I'm new to this forum. I'm a fairly skilled amature with some furnature building experiance.
I spent the past two months remodling -framing, lots of drywall hang'in, wiring and oak trim work... now we have a spitten new master bedroom with new walk in closet.
Looked great....til we moved back in with our 20 year old mismatched furnashings.:wallbash:
*Any tips on locating plans for night stands, chest of drawers, and dressers?* I googled, but nothing has hit me that I've found.
I'm not trying to get freebies, I didnt even find a book at Borders.
(Wifey says thats because few folks have the skill to build furniture):yes:
Any tips would be appreciated!
-Pick


----------



## smitty1967 (Feb 24, 2008)

Pick: welcome aboard...

I know the feeling about matching furniture, especially in the bedroom. 

I'm not sure about where to send you to find plans....but I built this whole bedroom set from scratch, and only had plans for the bed. This is the slatted cherry queen bed plan from a copy of Woodsmith, I believe (it's been a while since I built it.) I then modified the headboard/footboard for panels, as the XO didn't like the bedclothes showing through the footboard. 
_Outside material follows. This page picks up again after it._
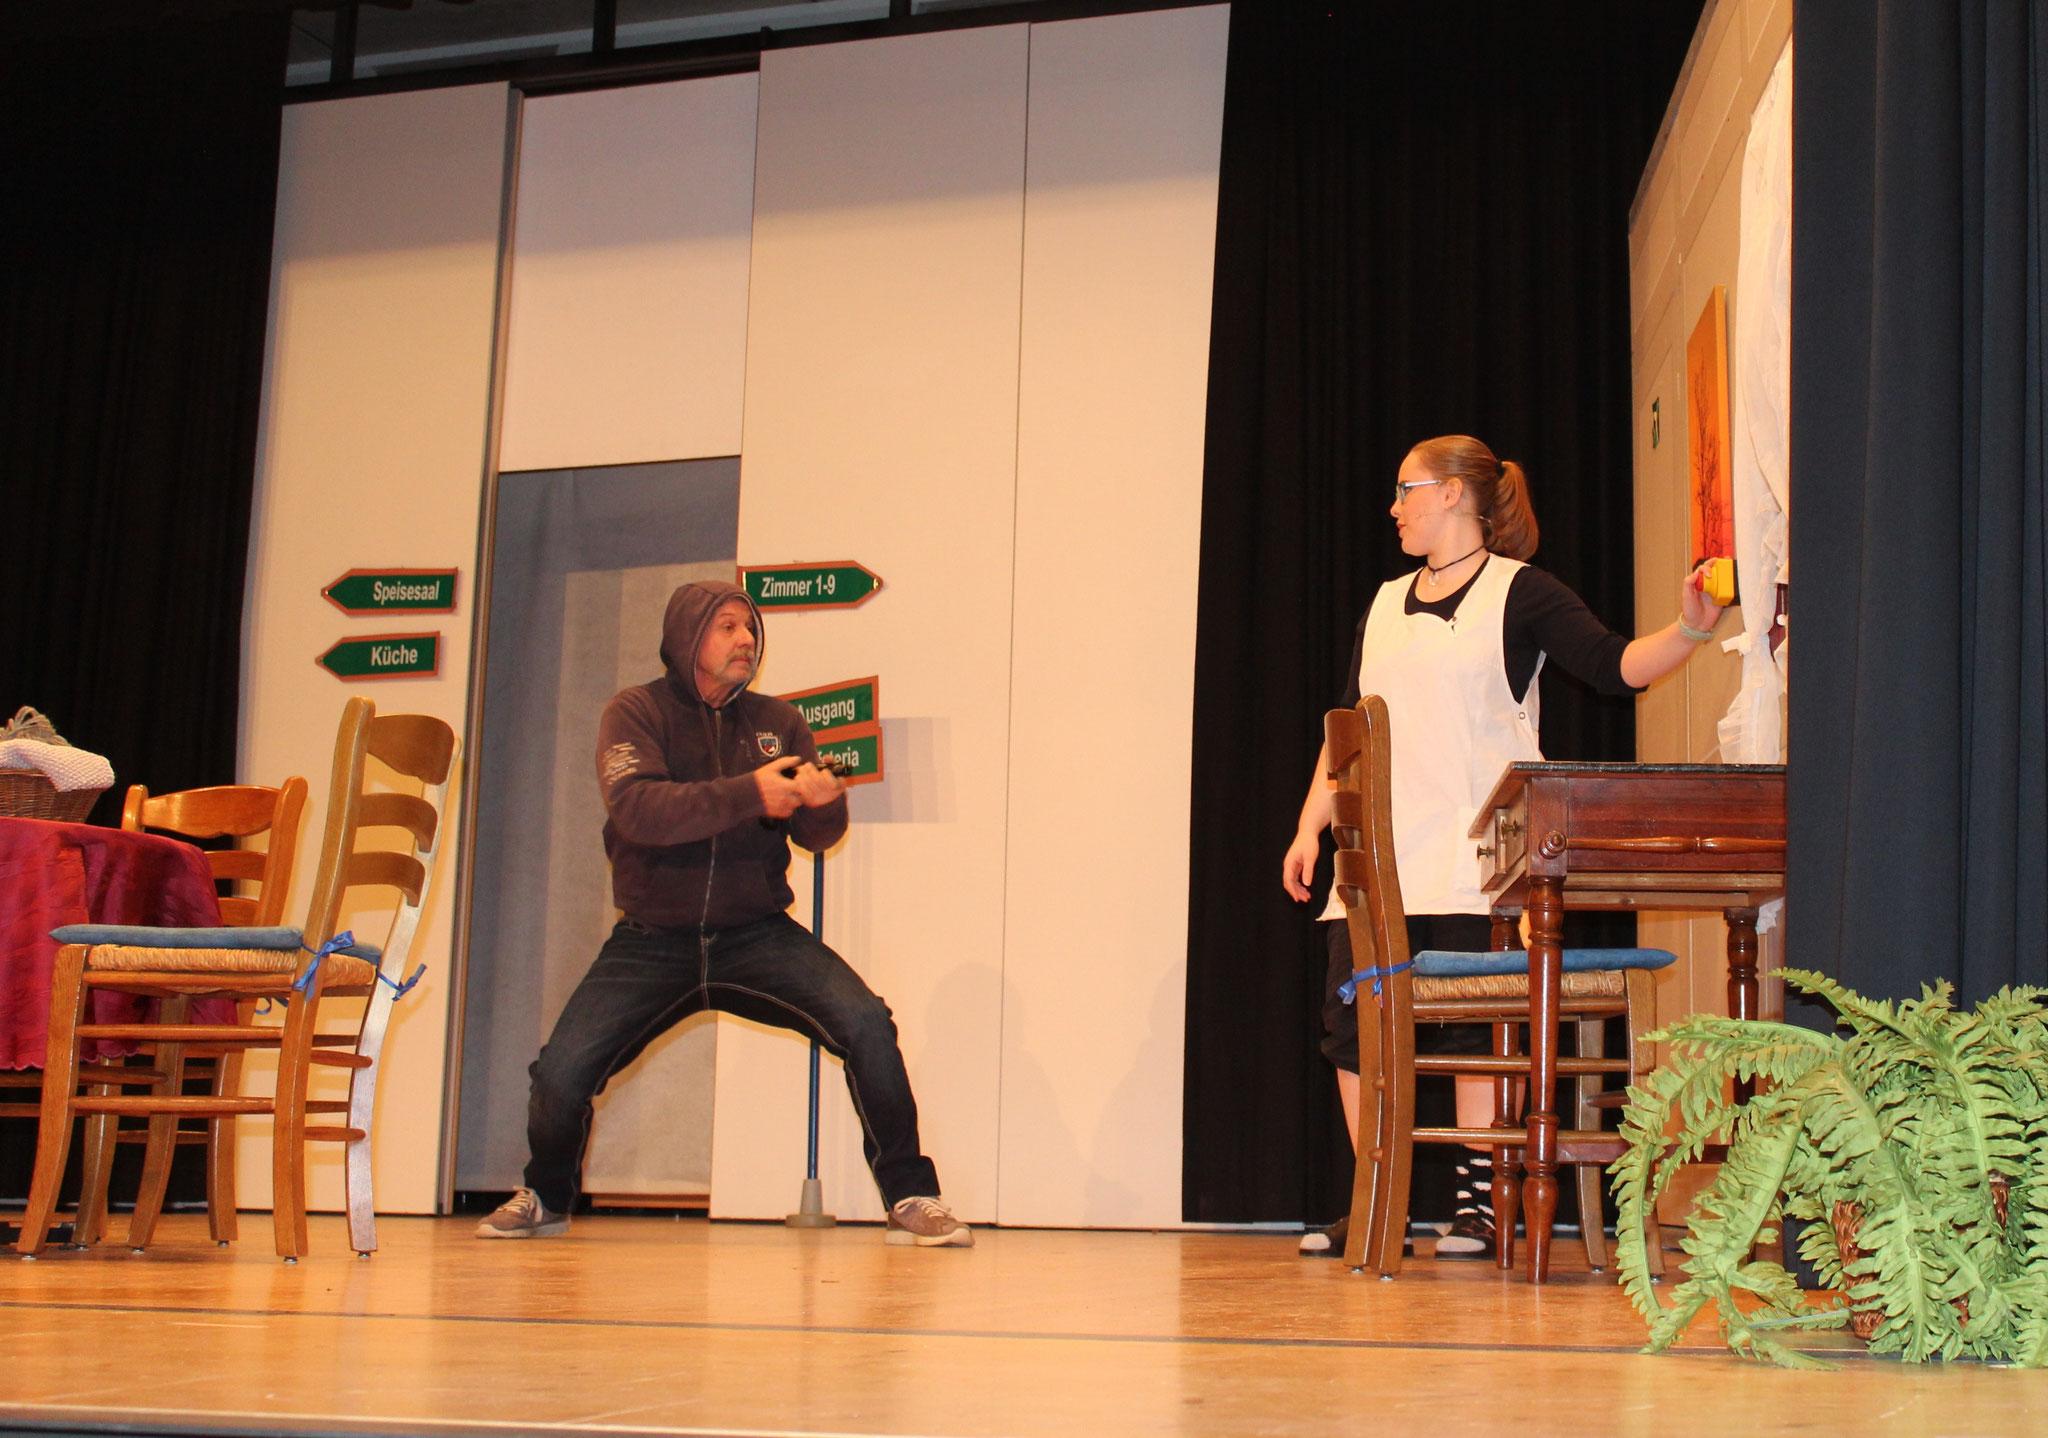 Theatergruppe spielt das Stück: Ybruch mit Näbewürkige

Then, once the bed was built, I simply copied the style and design into the nightstands and dressers and armoire. If you have any drawing skills and building experience, you should be able to manage this yourself. Don't wait for the perfect set of plans---they may never come along. I would instead suggest having faith in your abilities and dive head-first into the next piece!

good luck and let us know how it goes....
smitty


----------



## JON BELL (Nov 2, 2007)

http://www.furnitureplans.com/pi_categories/bedroom

http://www.eplansets.com/bedroom_plans.htm



Yahoo turned up a few things.If still no luck maybe you could do an image search and then ask us how to build a specific piece.


----------



## pickngrin (May 23, 2008)

> Don't wait for the perfect set of plans---they may never come along. I would instead suggest having faith in your abilities and dive head-first into the next piece!


Yeah, I assumed I'd have to adjust size, number of drawers, and features. I've found a handfull searching the net. I thought it would be nice if I had a sound design plan to simply modify, with the joinery worked out.
Just wanted to see if there was a motherload somewhere that I didnt know about---exhaust all my pre-engineered options. 
Smitty...Your dresser looks great-my style-simple, solid, clean, and not too humoungus. Quality over quantity! Form follows function! Nice work.:thumbsup:


----------



## leejb (Feb 16, 2008)

Smitty I like your bedroom set, great job.:thumbsup:

Pickngrin I found some good furniture woodworking plans on: http://www.U-bild.com


----------



## Joe C (Nov 8, 2007)

The furniture pics look great :thumbsup:


----------



## pickngrin (May 23, 2008)

Thanks for the links!:yes:


----------



## pickngrin (May 23, 2008)

Here's what I setteled on, http://woodstore.net/cobesu.html nice because its a whole matched set. I'm using cherry, no stain. I have made 2 nightstands...boy, there is economy in making two at once!
almost ready for finishing, I'm turning the feet now-last step.
going for two of the 5 drawer dressers next.


----------



## smitty1967 (Feb 24, 2008)

thanks for the compilments, everyone....sorry it took me so long to get back. I've been busy on my building project. 

regards,
smitty


----------